National laboratories exist in quite a number of areas, and you likely have one that is within driving distance from your home. Take advantage opportunities provided to tour the labs and meet with the highly intelligent professionals who work there.

Richard Jimenez writes about science and education. His most well-known work is on Online MHA Degrees.


Anonymous said...

wow. Why post such an empty article here?

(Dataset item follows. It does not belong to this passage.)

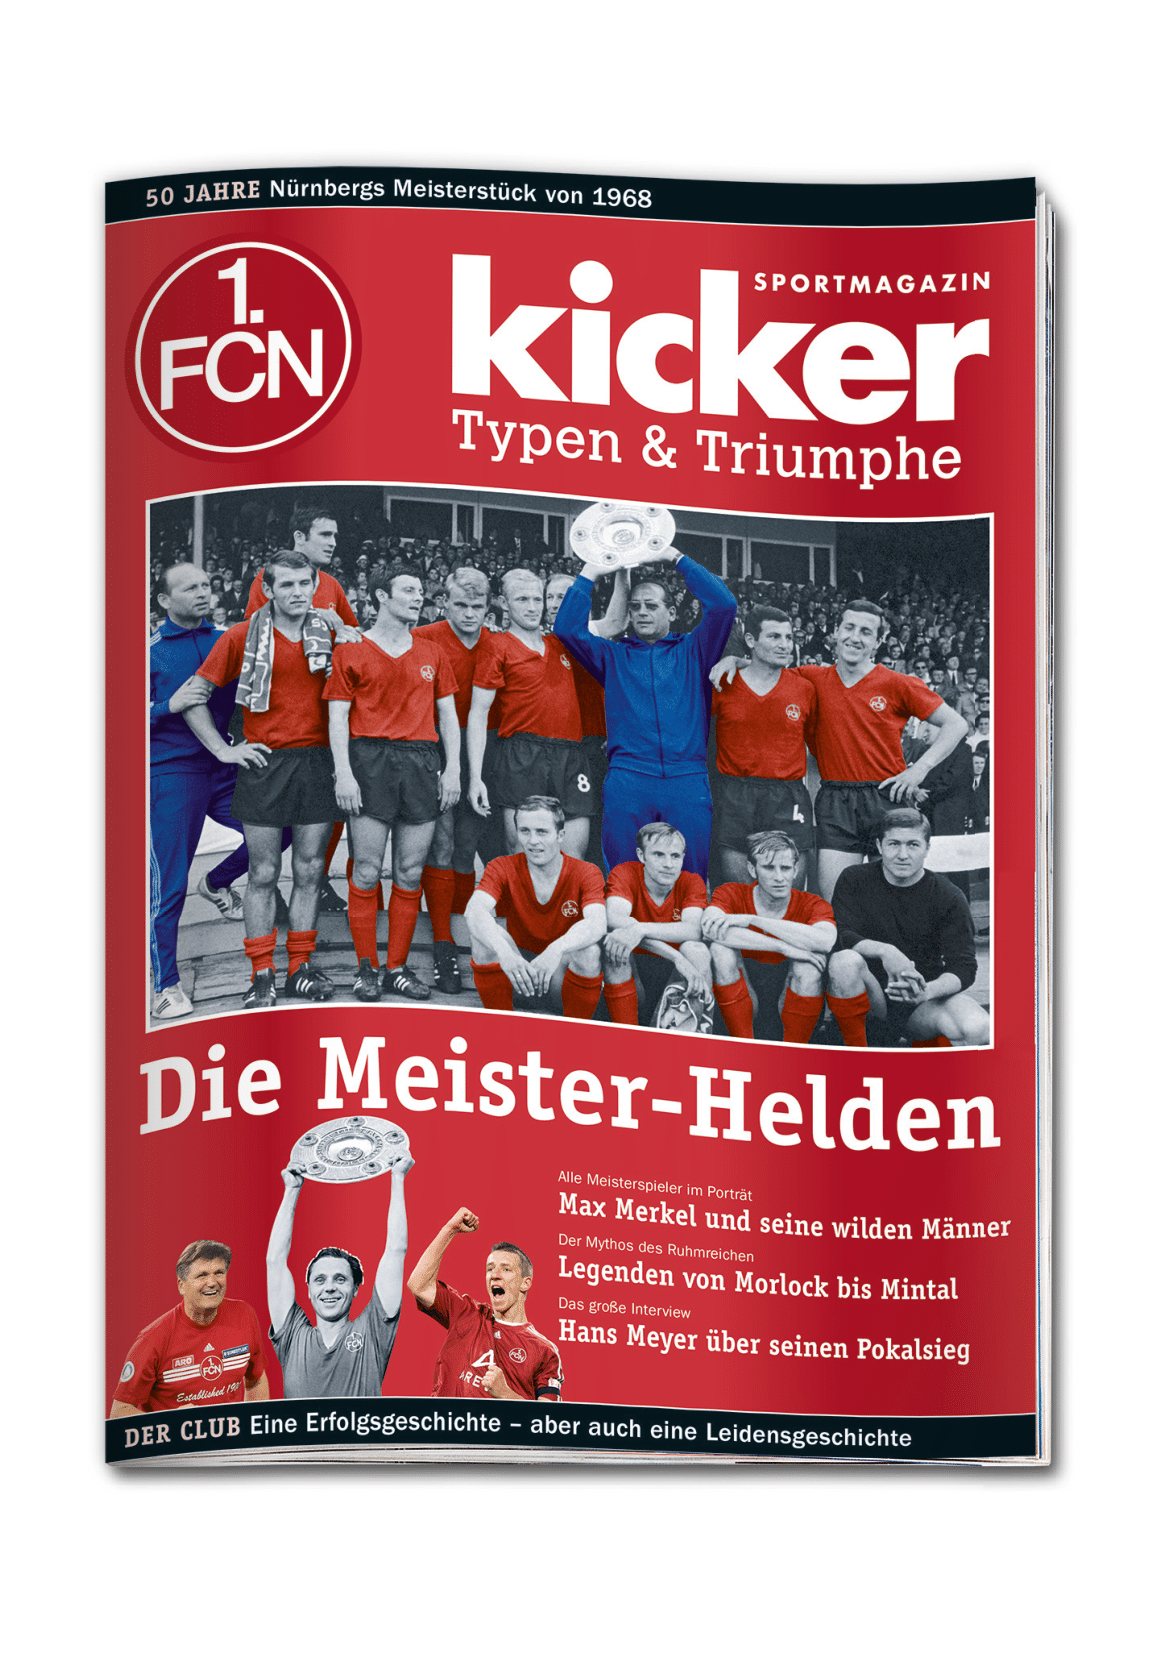 kicker Typen & Triumphe 1. FC Nürnberg "Die Meister-Helden"
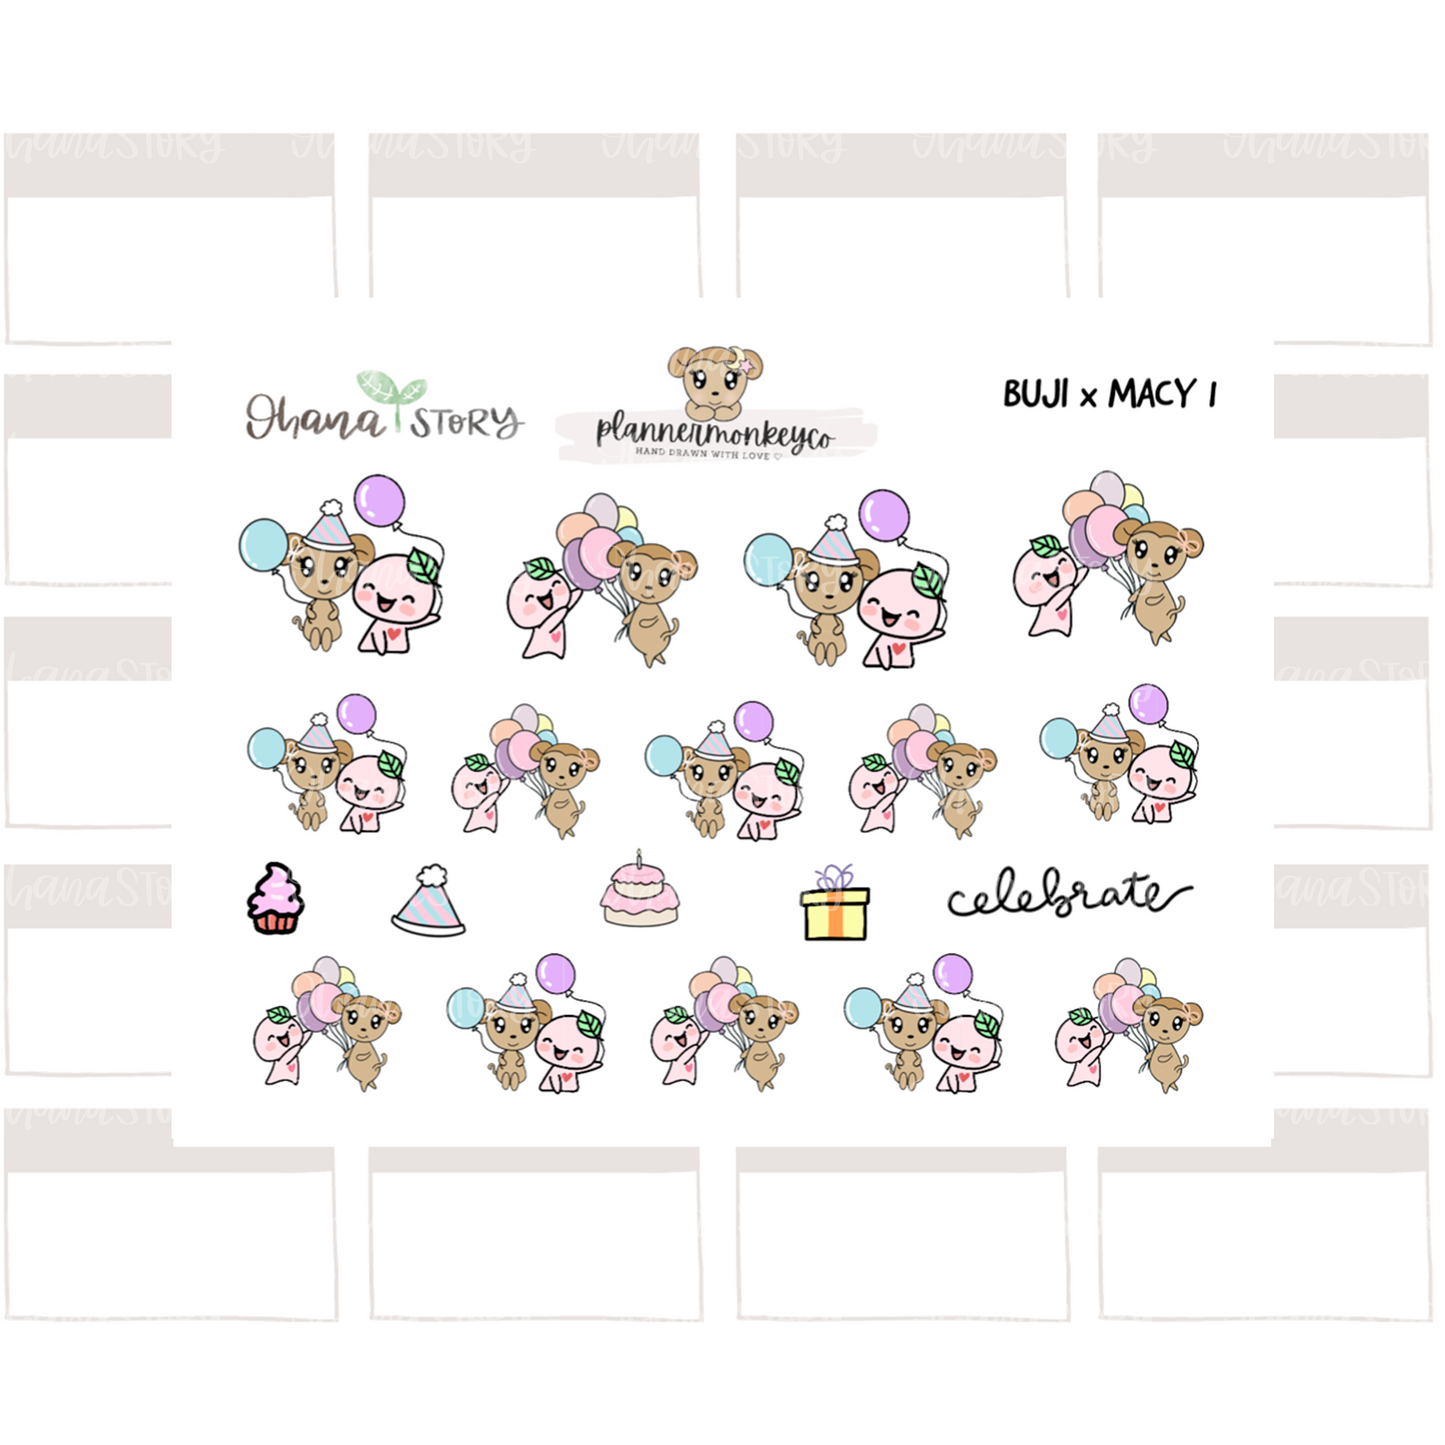 BUJI x MACY 1 | Collab Birthday Theme with PlannerMonkeyCo | Hand Drawn Planner Stickers

Oh wait - he left out the part about scum-sucking evil ULM that run them, sucking the life out of everything and everybody within miles.

Anonymous said...

This is one of those meaningless threads that could have gone un-commented. But for the jerks who have to contaminate every thread with their vitriol.

Anonymous said...

Oh wait, I got a good laugh out of 11:15 am.

Anonymous said...

Oh wait, I got a good laugh out of 11:15 am.

March 8, 2013 at 9:47 PM

Laugh all you want, in private. Your post makes you a jerk, too.

Anonymous said...

Oh my, I'm so offended.

Anonymous said...

"Laugh all you want, in private. Your post makes you a jerk, too.

March 8, 2013 at 9:51 PM"

Methinks your post more likely indicates the properties of jerkness.